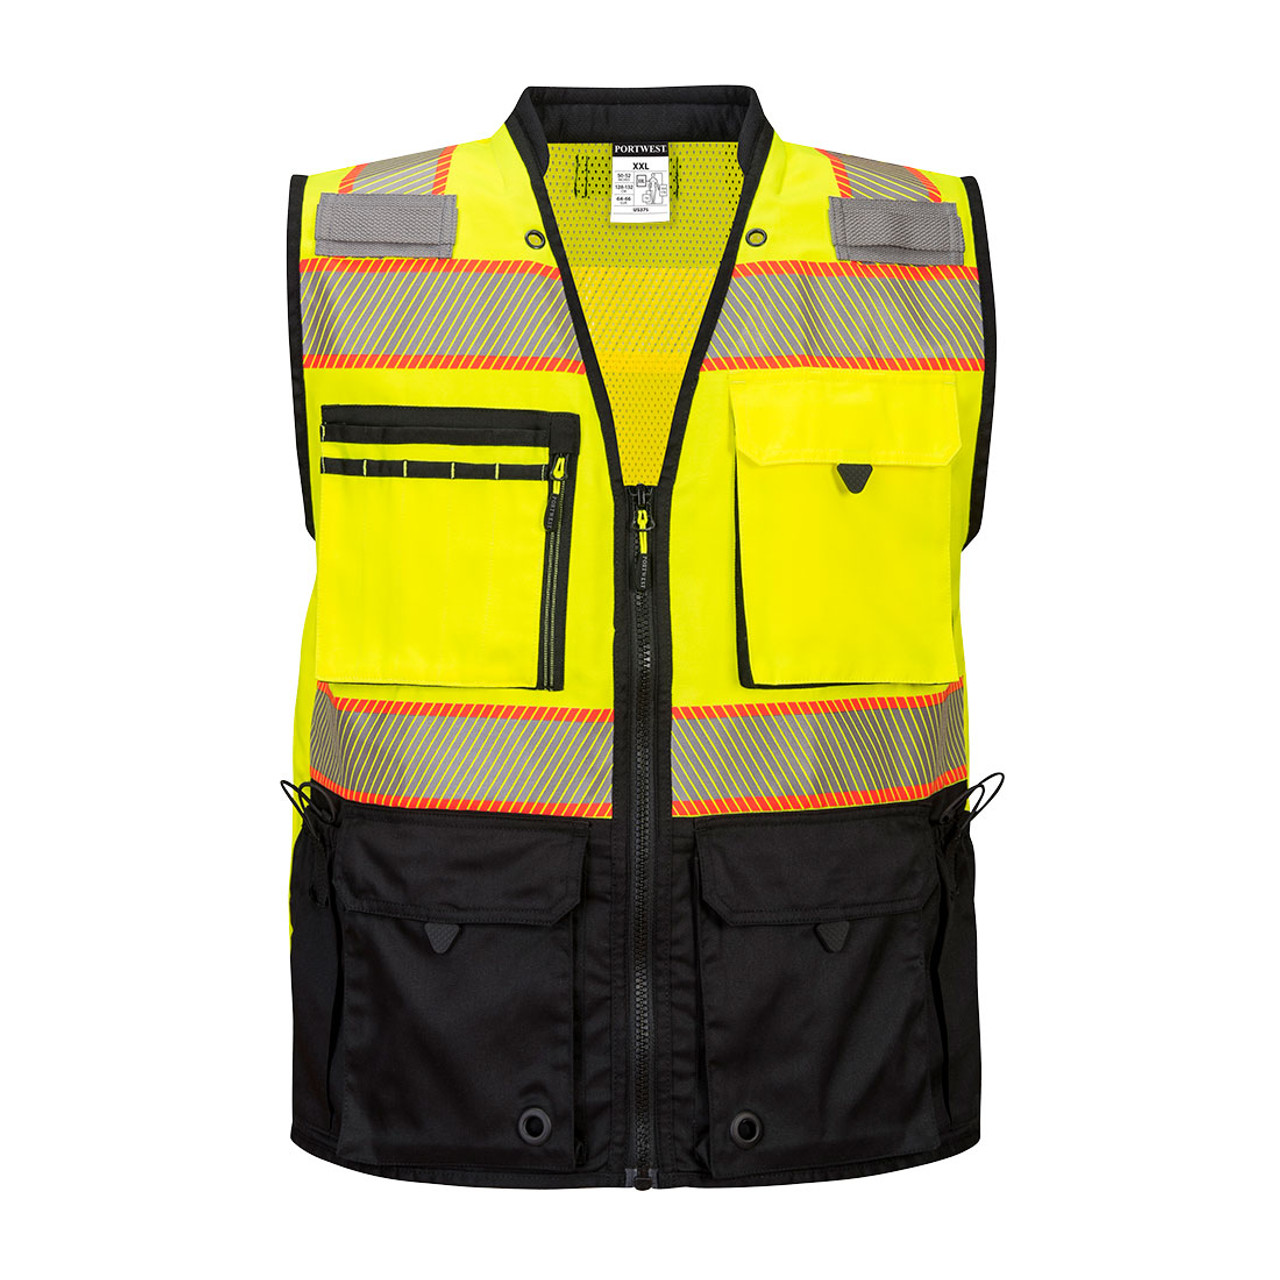 Portwest US375 Premium Surveyor Vest Yellow/Black, Large
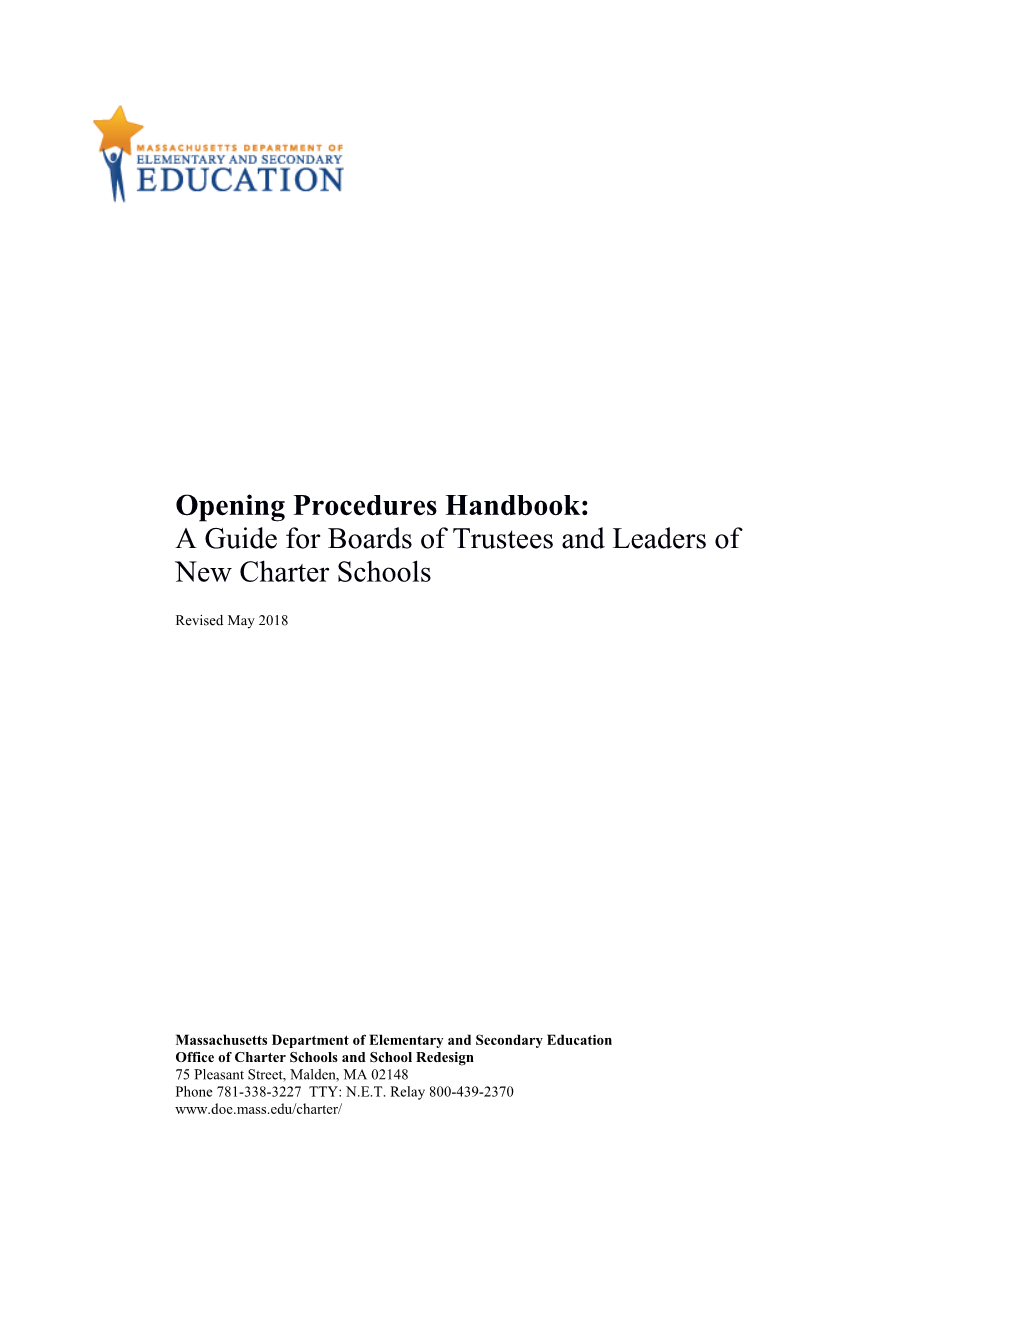 Charter School Opening Procedures Handbook June 2018
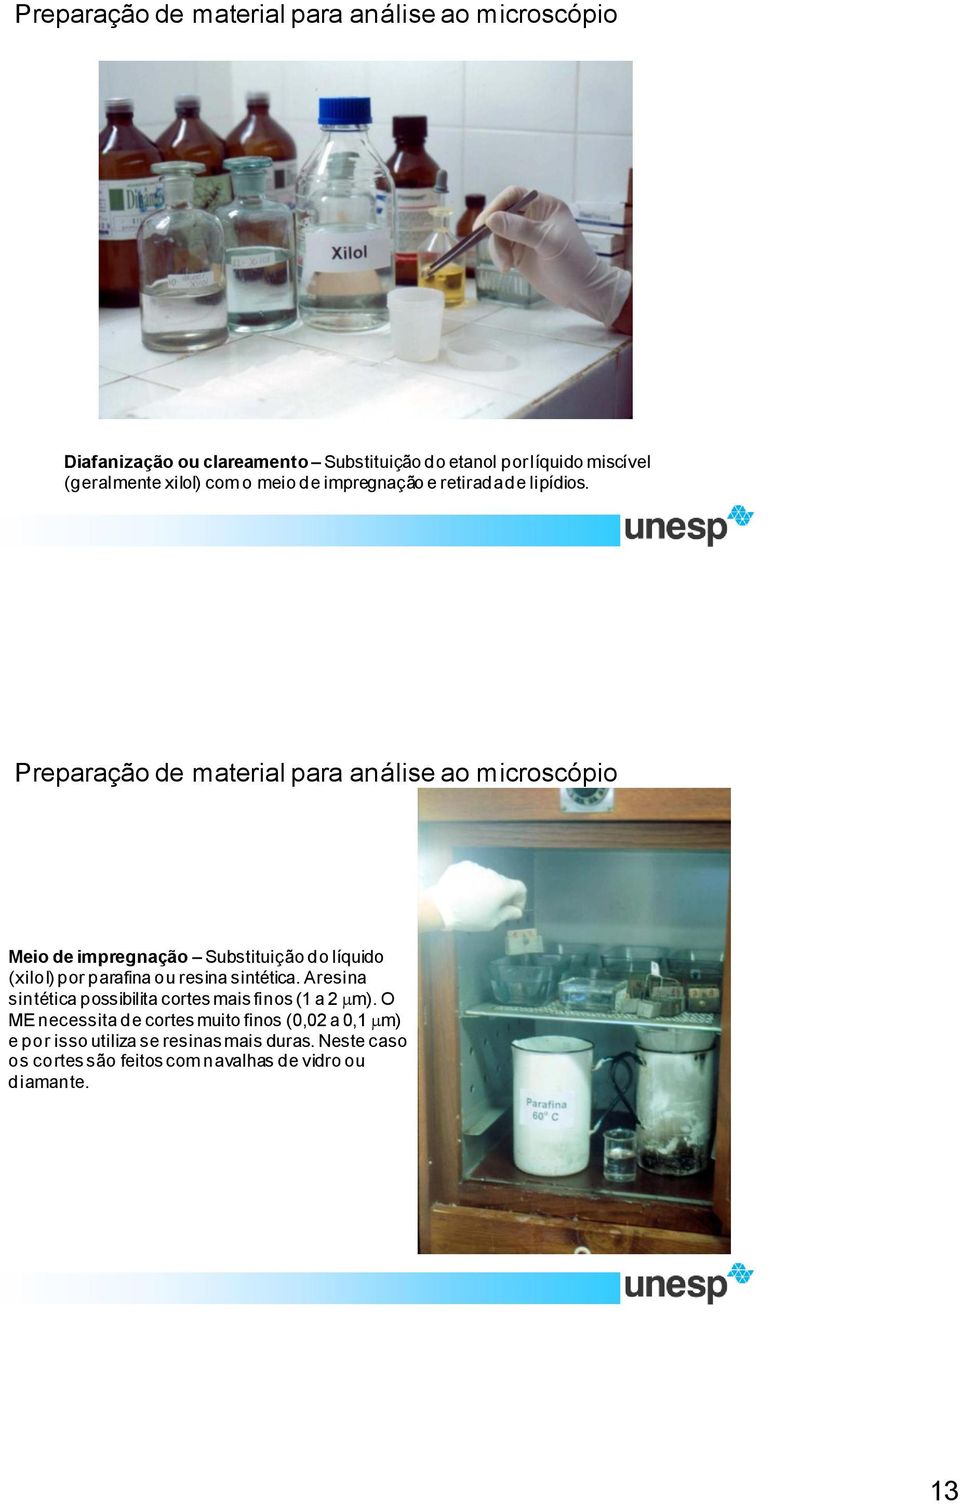 Preparação de material para análise ao microscópio Meio de impregnação Substituição do líquido (xilol) por parafina ou resina sintética.

What you are asked to do:
Could you write out exactly the lines from the line containing "Charter School Opening" to the end of the material, and nothing else? No pictures belong in the copy.

Task answer:
 Charter School Opening Procedures Handbook June 2018
 Preparação de material para análise ao microscópio Meio de impregnação Substituição do líquido (xilol) por parafina ou resina sintética.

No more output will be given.